ТРАВА РОДИНЫ, ИЛИ СТАЛЬ И ШЛАК

   Не существует реальности, называвшейся «1812 год», – исчезла в дурной бесконечности хронологических количеств, ничего живого не осталось. Существует Лев Толстой с «Войной и миром». Точно так же начинает исчезать тема коммунизма, заменяясь темой «Андрей Платонов». В Платонове растворяется и преображается всё, в том числе Сталин. Как нет для нас иного Наполеона, кроме толстовского, так и Сталин не существует более вне платоновских миров и войн. И этот, платоновский, Сталин реальнее исторического – он настоящий, а не персонаж партийных стенограмм и советологических исследований. Хотя написанное Платоновым о Сталине – пустяк, несколько упоминаний расхожего имени. Он писал не о Сталине – писал Сталиным. В Платонове всё Сталин, Платонов сам – Сталин. Чем больше читаешь Платонова, тем лучше понимаешь Сталина. Они энергетически взаимозаменяемы. Платонов – единственно равномощный ответ России Сталину. С другой стороны, Сталин – суррогат Платонова, его «обезьяна». Платонов существовал за много веков до Сталина, Сталин – его эманация: Липутин супротив Ставрогина. Замечательно Сталин понят в «Голубом сале» Сорокина: шестерка у каких-то космических педерастов.
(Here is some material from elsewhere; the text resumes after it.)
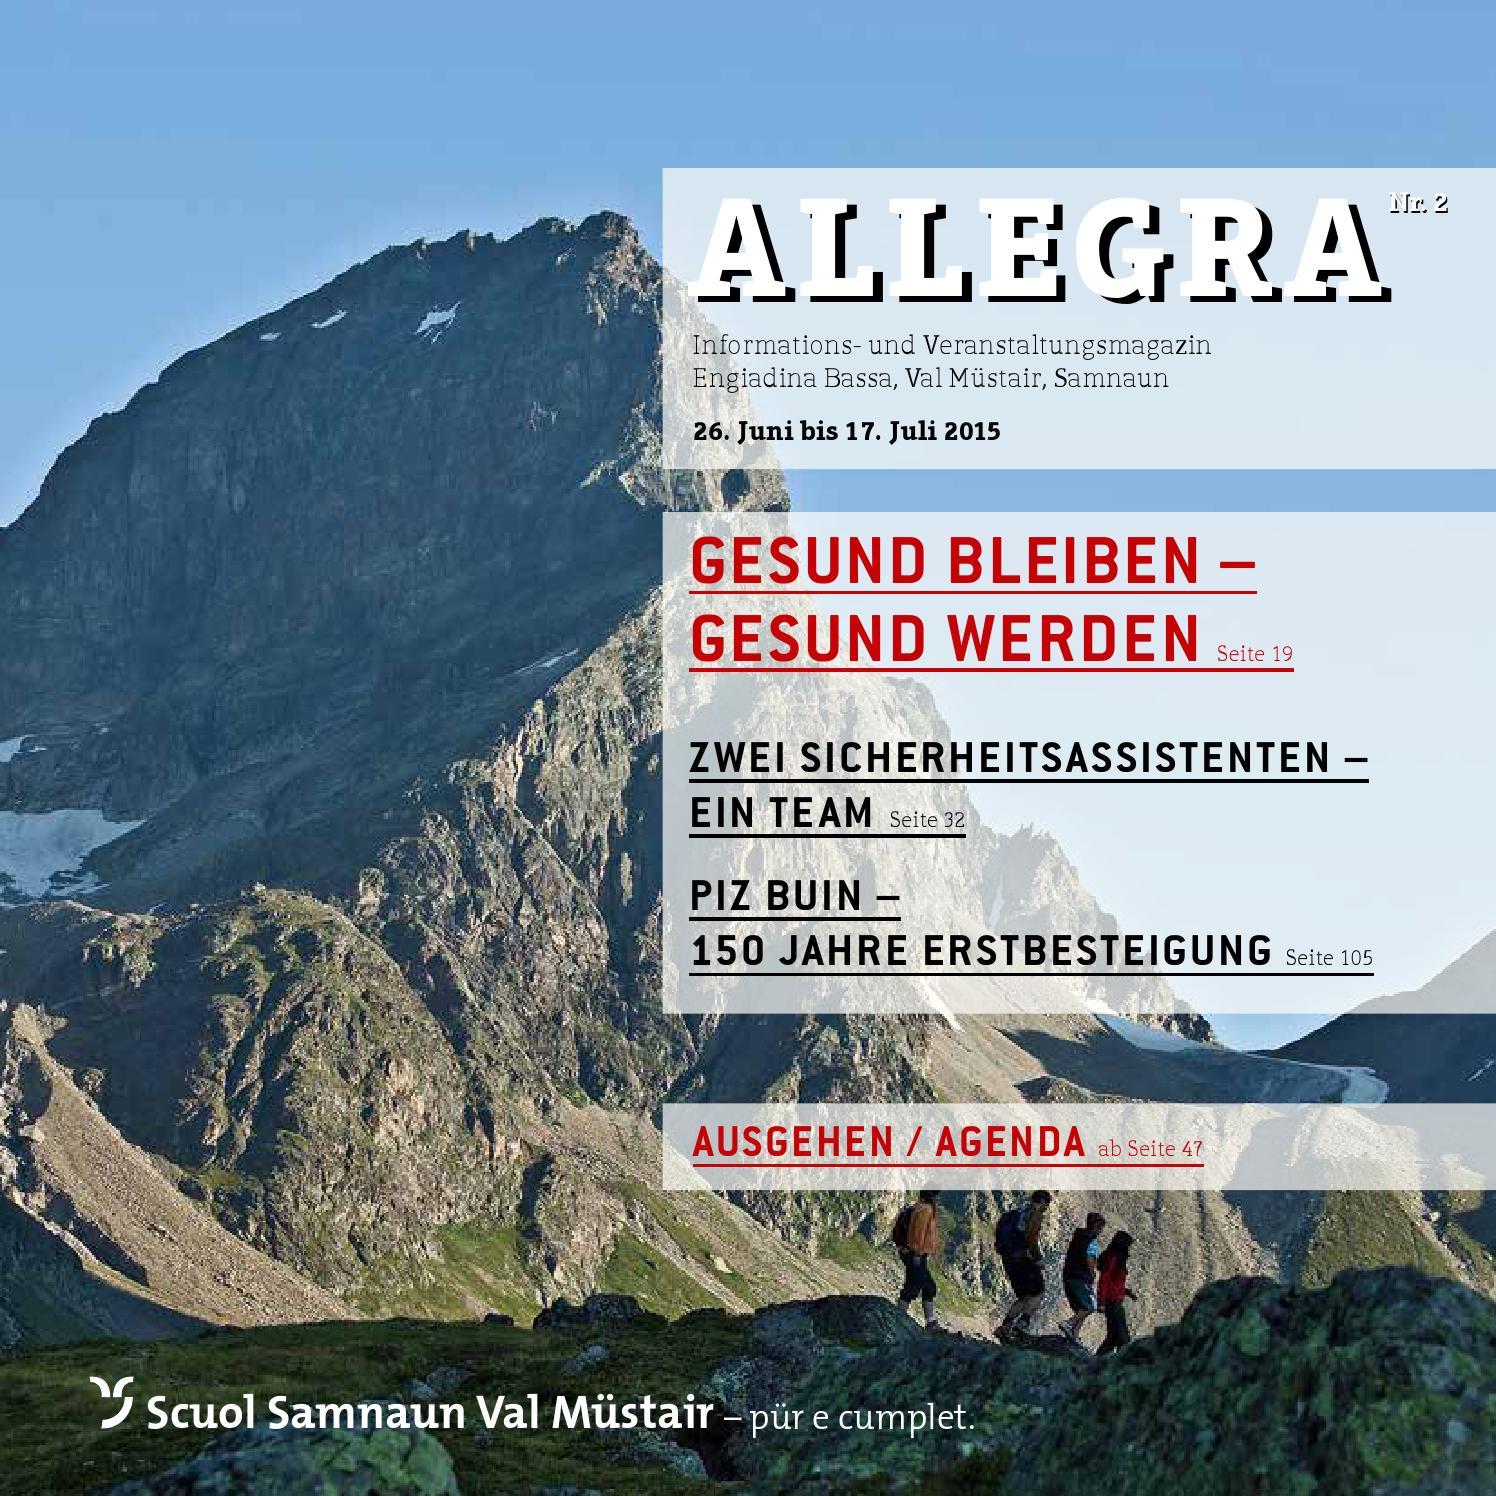 Allegra - Nr. 10/2019 by Tourismus Engadin Scuol Samnaun

   Платонов был тайной любовью Сталина. Просто – тайной (прекрасной тайной, как сказал бы А. Синявский). Сталин вообще любил русских, со всеми их чудачествами и почесываниями. Не любил он бойких лоялистов, увлеченных строительством социализма – хоть в мировом масштабе, хоть в отдельно взятой стране: людей типа Бухарина – Кольцова. Которые за социализм с человеческим лицом, бестрагедийный. Открытых же антисоветчиков уважал: Замятина, Булгакова. А войдя во власть, во вкус власти, полюбил юродивых. Лучшего, чем Платонов, юродивого ему было не найти, лучшего в советской России и не было. И Сталин выдал ему охранную грамоту, уже после «Впрока» – на встрече с активом писателей на квартире Горького спросил: а Платонов здесь? Активисты тут же смекнули: если и не выдвигать, то печатать помаленьку. И печатали – ругали, но печатали. Это вообще кажется чудом: как Платонов сохранился на бумаге. С другой стороны – закономерность, нормальный ход. Как же не сохраниться русской плащанице?
   Пик вторичной активности Платонова приходится на 37‑й, удачный для него год. Взяв в руки прижизненный платоновский сборник «Река Потудань», испытываешь некое онтологическое удовлетворение: «Я понял: все живо… И Ленин, и Сталин, и эти стихи». Была, оказывается, Троя! Ощущение усложняется той мыслью, что вот не Сталина тут обманул какой-нибудь крот истории, а Сталин и сам вроде того крота, и сам с усам. Ведь это и его заслуга, его дело – Москва 37‑го года, в которой выходит книга Платонова. Та, между прочим, книга, в которой напечатан страшный рассказ «Семен»: эта штука сильнее если не Фауста Гете, то повести «Впрок» во всяком случае. Пресловутая бедняцкая хроника – скоморошество вокруг колхозов, а «Семен» – клевета уже не на партию, а на мироздание. Вот это Сталину, надо полагать, и нравилось: вызов мирозданью, космический масштаб в негативе.
   Платонов – гностик, для которого Сталин не Бог, а разве что демиург. Космическая коннотация необходимо выводит к «Кузнице», к Пролеткульту в варианте Богданова. Эта платоновская связь установлена железно. Платонов был из «других большевиков»: термин американского исследователя Р. Уильямса, написавшего о Богданове и его интересной компании, в которой, скажем, Горький был самый знаменитый, но далеко не самый значительный. Платонов – не организационно, а, так сказать, метафизически – примкнул к компании позднее и был единственный из (подлинно) пролетарских писателей, сумевший поднять «Кузницу» до идеально-гностического богдановского масштаба. Впрочем, слово «кузница» достаточно интересно само по себе: кузнец в народном представлении – колдун, ведун, маг и волшебник, недаром живущий на деревенских выселках, с краю: маргинальная фигура и в то же время главный. Платонов как раз был такой – маргинальный, но главный. В «Кузнице», в Пролеткульте производились некие ковы, Богданов выступал в роли карлика Мимэ. Кто же был Зигфридом? Неуж Сталин? Как бы там ни было, но Брунгильду эти люди пробуждать от сна не собирались.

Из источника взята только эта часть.